Technology

 Many of the deadliest cancers  share a common feature: Chromosomal Instability (CIN). CIN manifests as an accumulation of structural and numerical chromosomal abnormalities in cancer cells. These changes result in chaotic genomes, and are associated with metastasis, poor prognosis and treatment resistance. 

Precision medicine approaches have improved the survival rates of many cancers. However, these improvements have been focussed on cancers without CIN. Cancers with extreme CIN have not seen significant improvements in overall survival. Therefore, there is an unmet need for treating cancers with CIN. 

   Many precision medicine approaches are currently based on the detection of small single gene mutations. However, the chaotic genomic landscape caused by CIN limits our ability to personalise treatment using single gene mutations as a target.
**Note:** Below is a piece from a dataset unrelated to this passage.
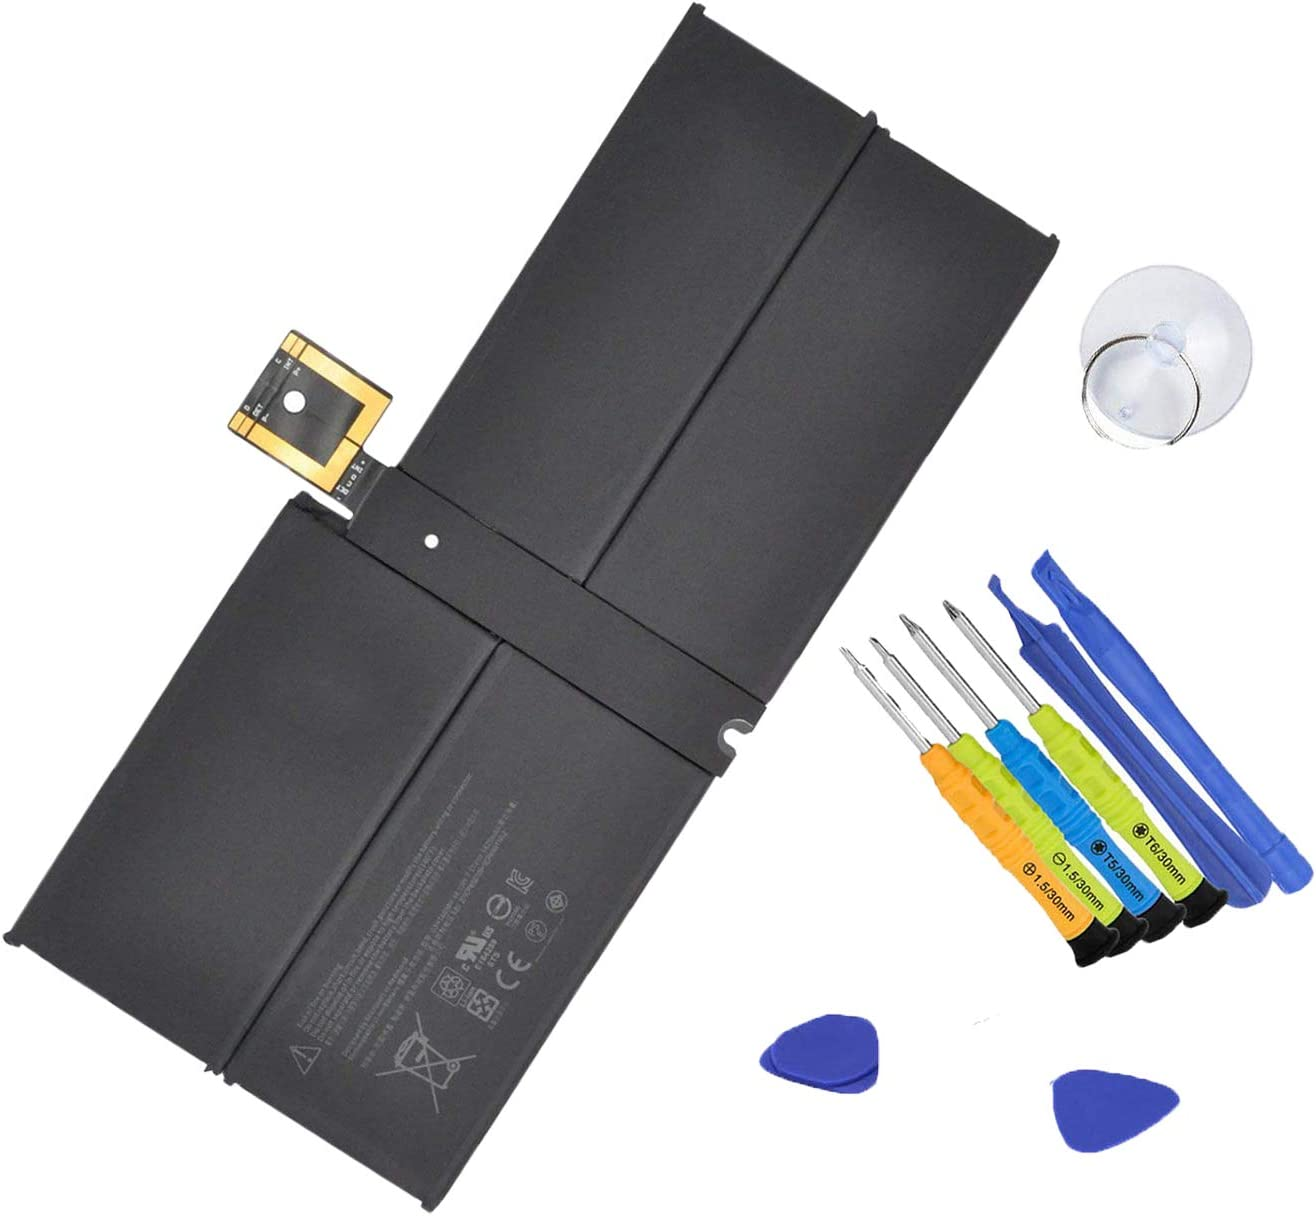 Bateria G3HTA038H para Microsoft Surface Pro 5 1796 -5940mAh

Instead, our precision medicine platform use CIN signatures, which are patterns of change of chromosomal copy numbers, to personalise treatment. Different types of CIN leave unique genomic footprints that can be linked to specific mutational processes. These processes are often the same across multiple different tumour types. Hence, we can use these signatures as mutation agnostic pan-cancer biomarkers for targeting defective pathways. 

  A deeper understanding of the underlying mechanisms of CIN enables new opportunities in precision medicine.  

Tailor Bio’s pan-cancer precision medicine platform unlocks new drug discovery opportunities for cancers with CIN. Additionally, it enables new patient stratification methods to predict treatment respone for targeted therapies and chemotherapy.